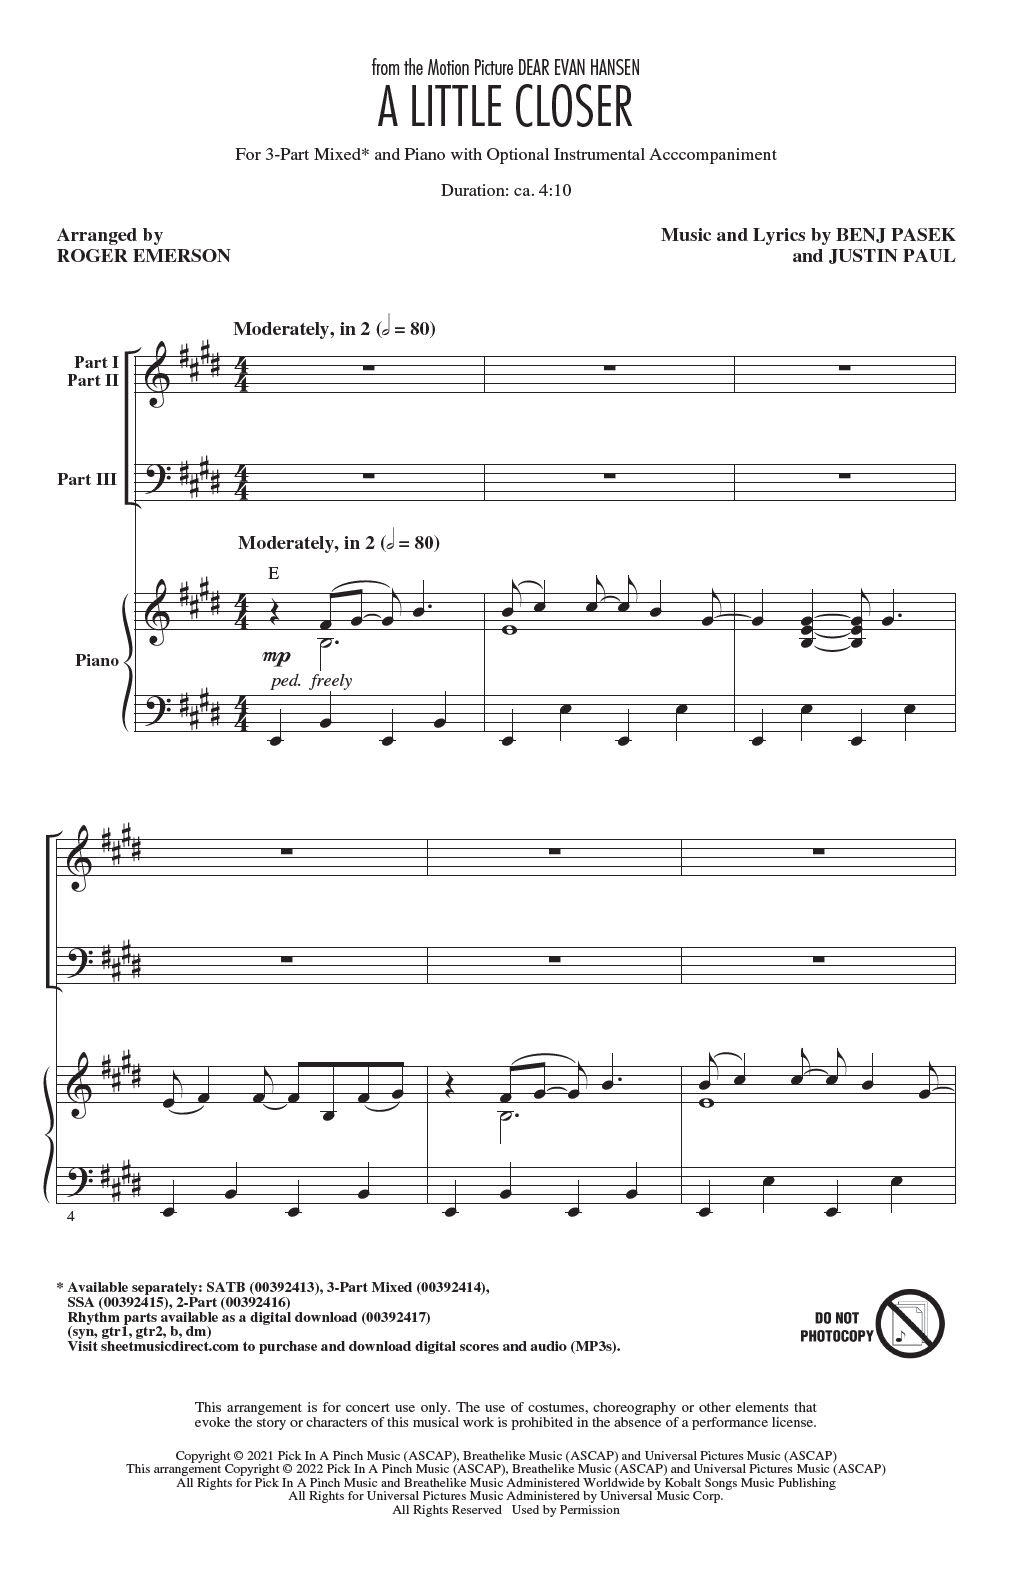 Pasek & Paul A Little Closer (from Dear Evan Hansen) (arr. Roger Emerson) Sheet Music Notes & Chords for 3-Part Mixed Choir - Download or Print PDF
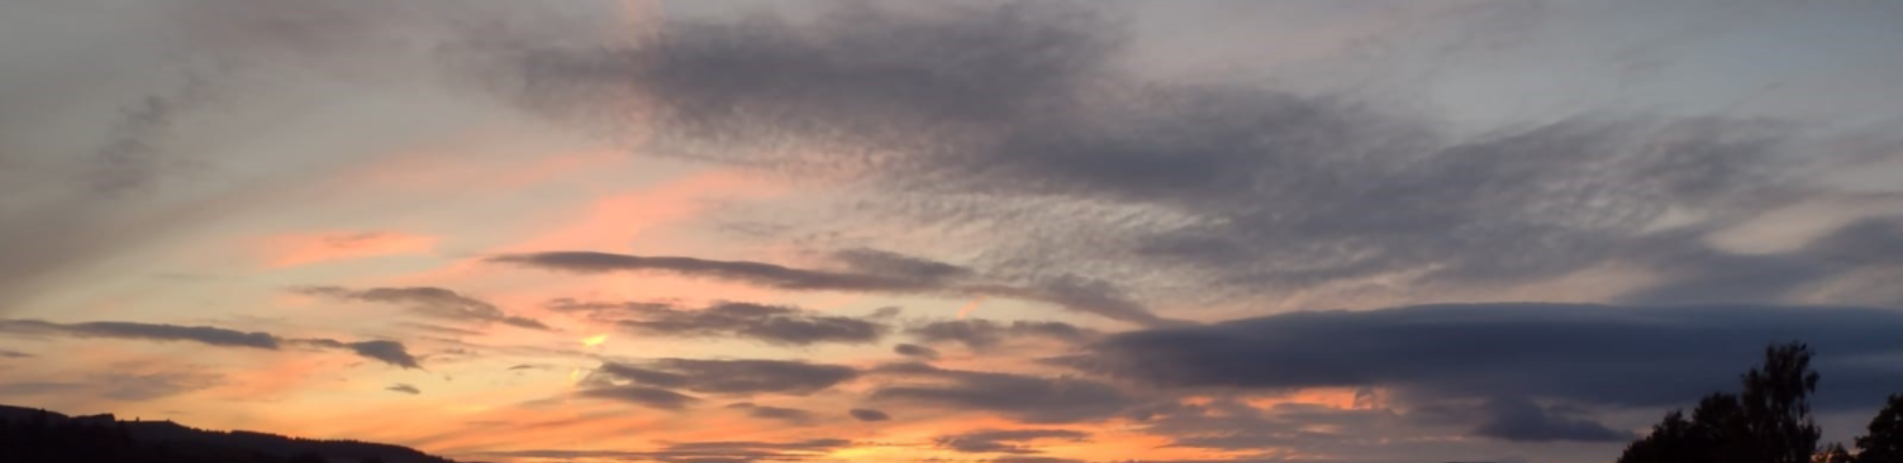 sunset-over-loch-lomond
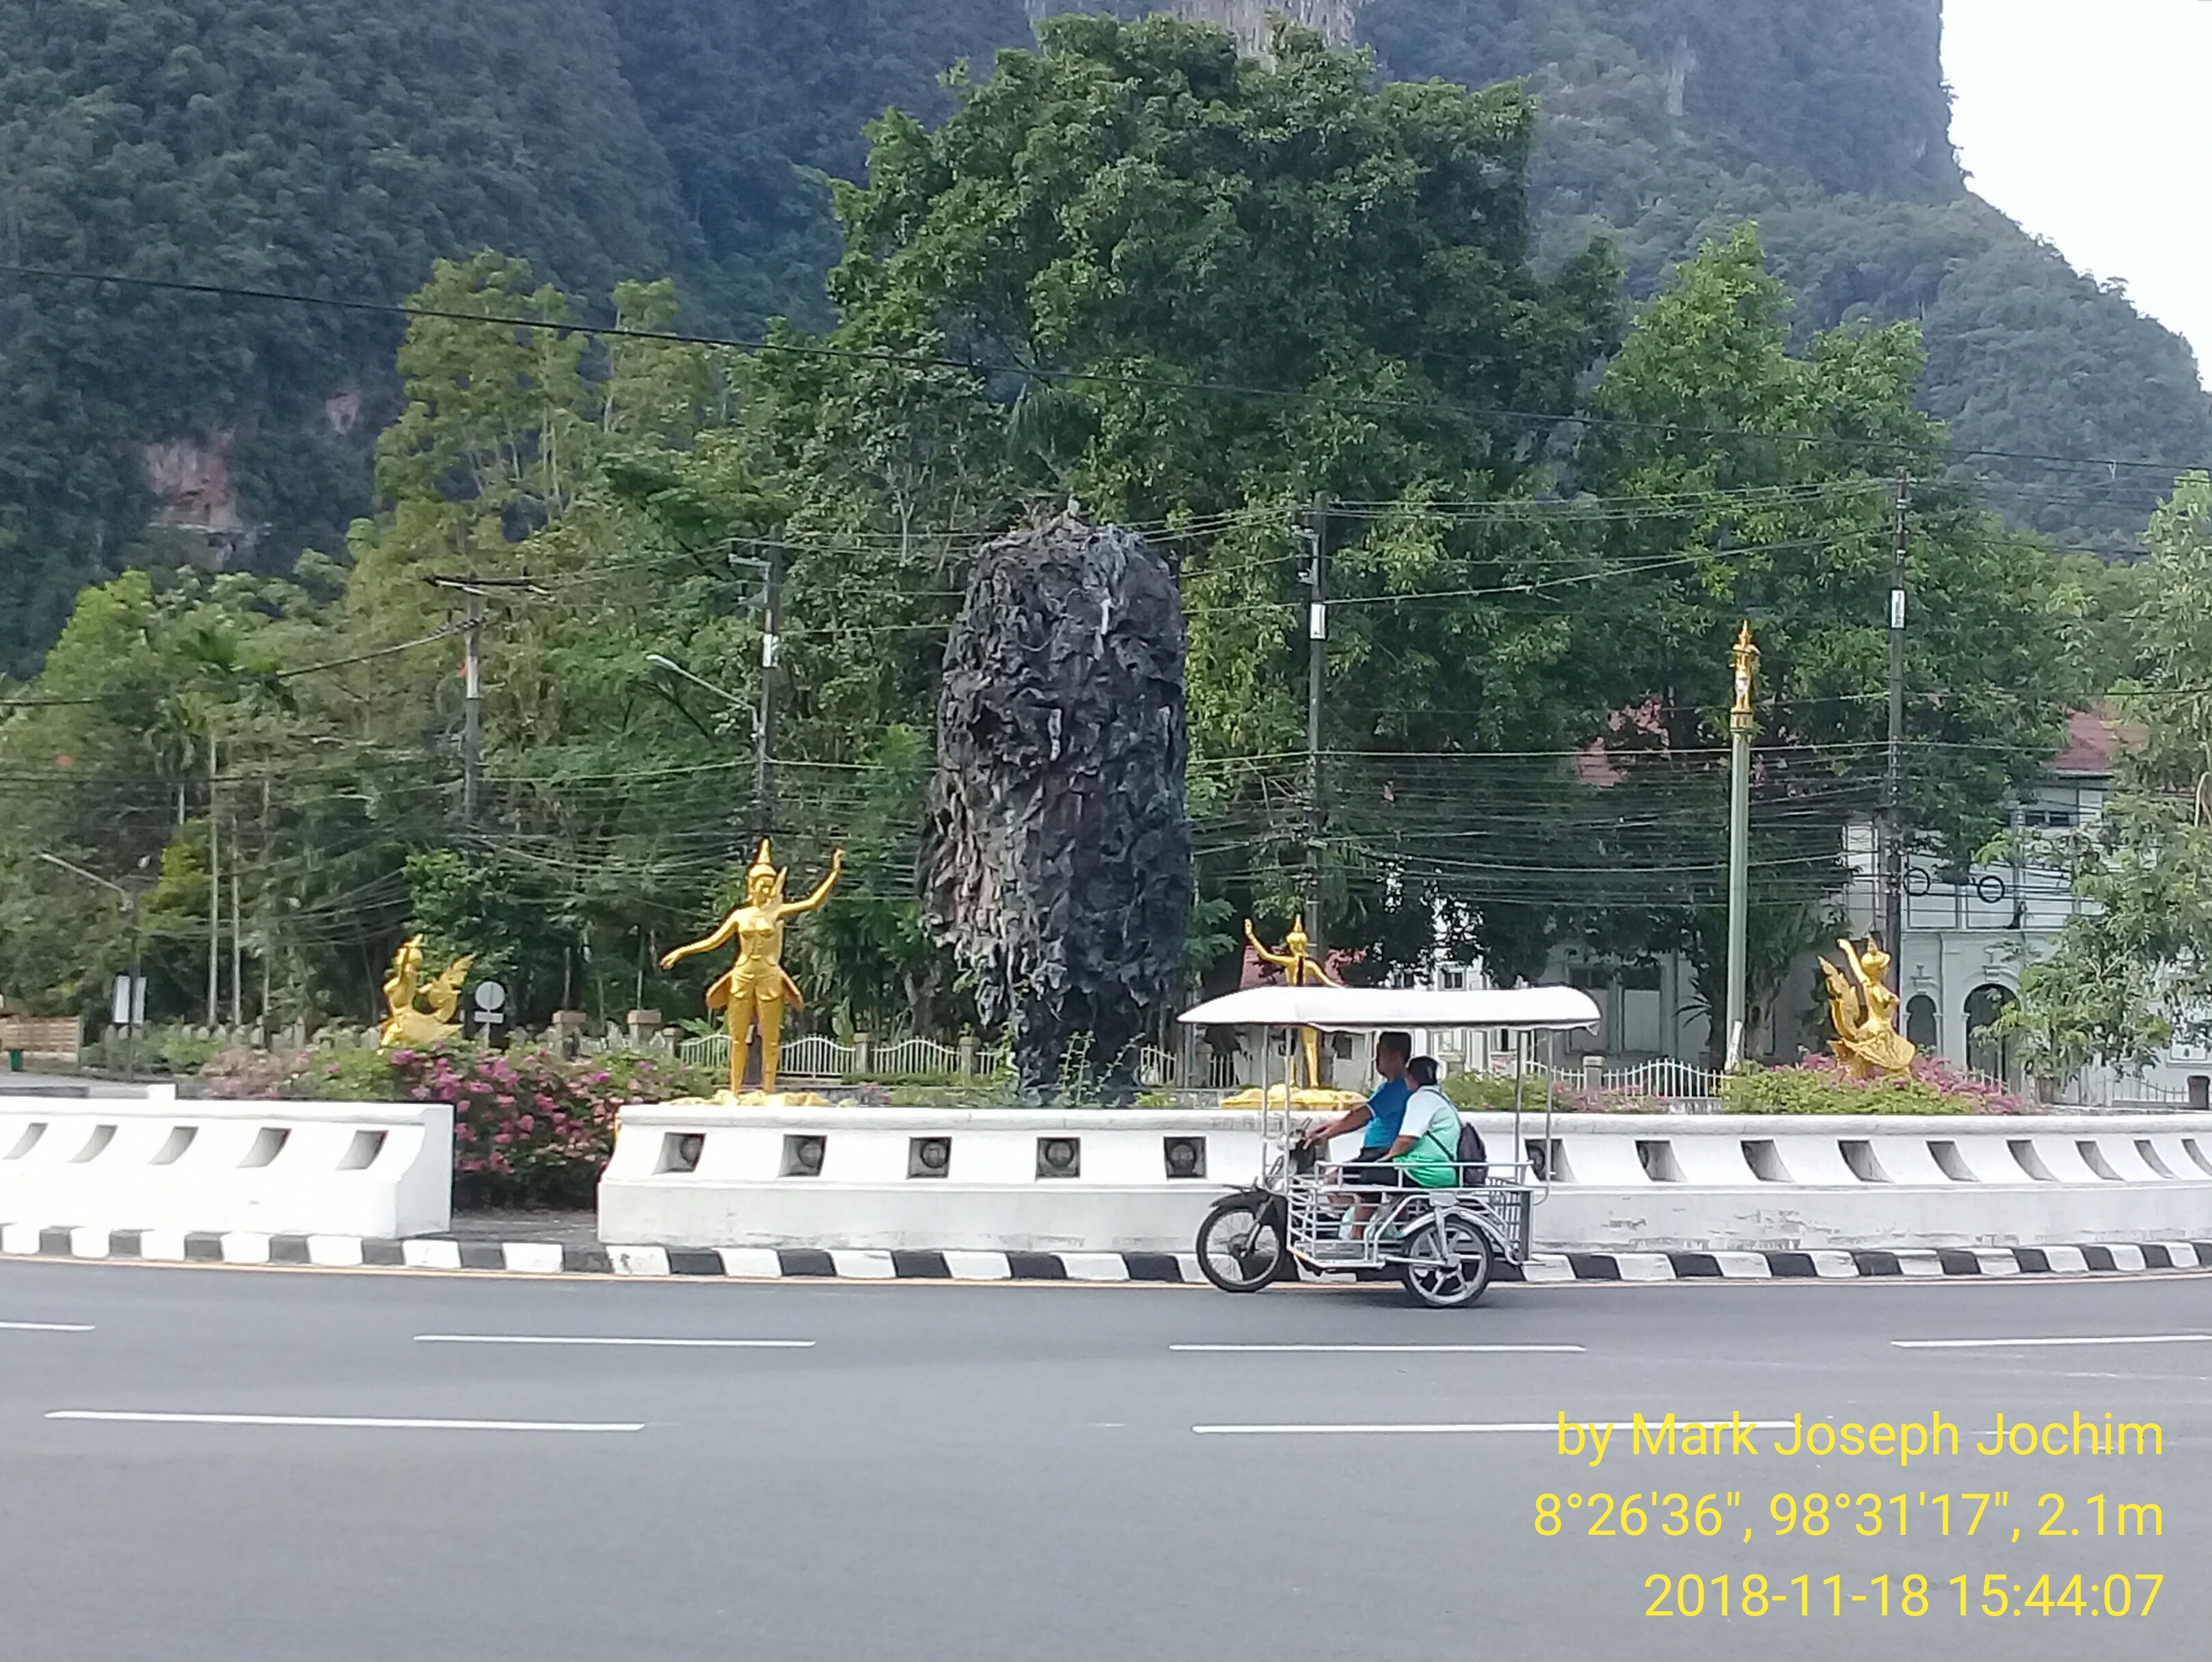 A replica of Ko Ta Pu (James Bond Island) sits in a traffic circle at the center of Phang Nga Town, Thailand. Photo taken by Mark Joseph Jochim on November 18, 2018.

● **Problem to work on**
Pictures stay out; all other material above is restated word for word.

● **Written answer**
 Pasek & Paul A Little Closer (from Dear Evan Hansen) (arr. Roger Emerson) Sheet Music Notes & Chords for 3-Part Mixed Choir - Download or Print PDF
 sunset-over-loch-lomond
 A replica of Ko Ta Pu (James Bond Island) sits in a traffic circle at the center of Phang Nga Town, Thailand. Photo taken by Mark Joseph Jochim on November 18, 2018.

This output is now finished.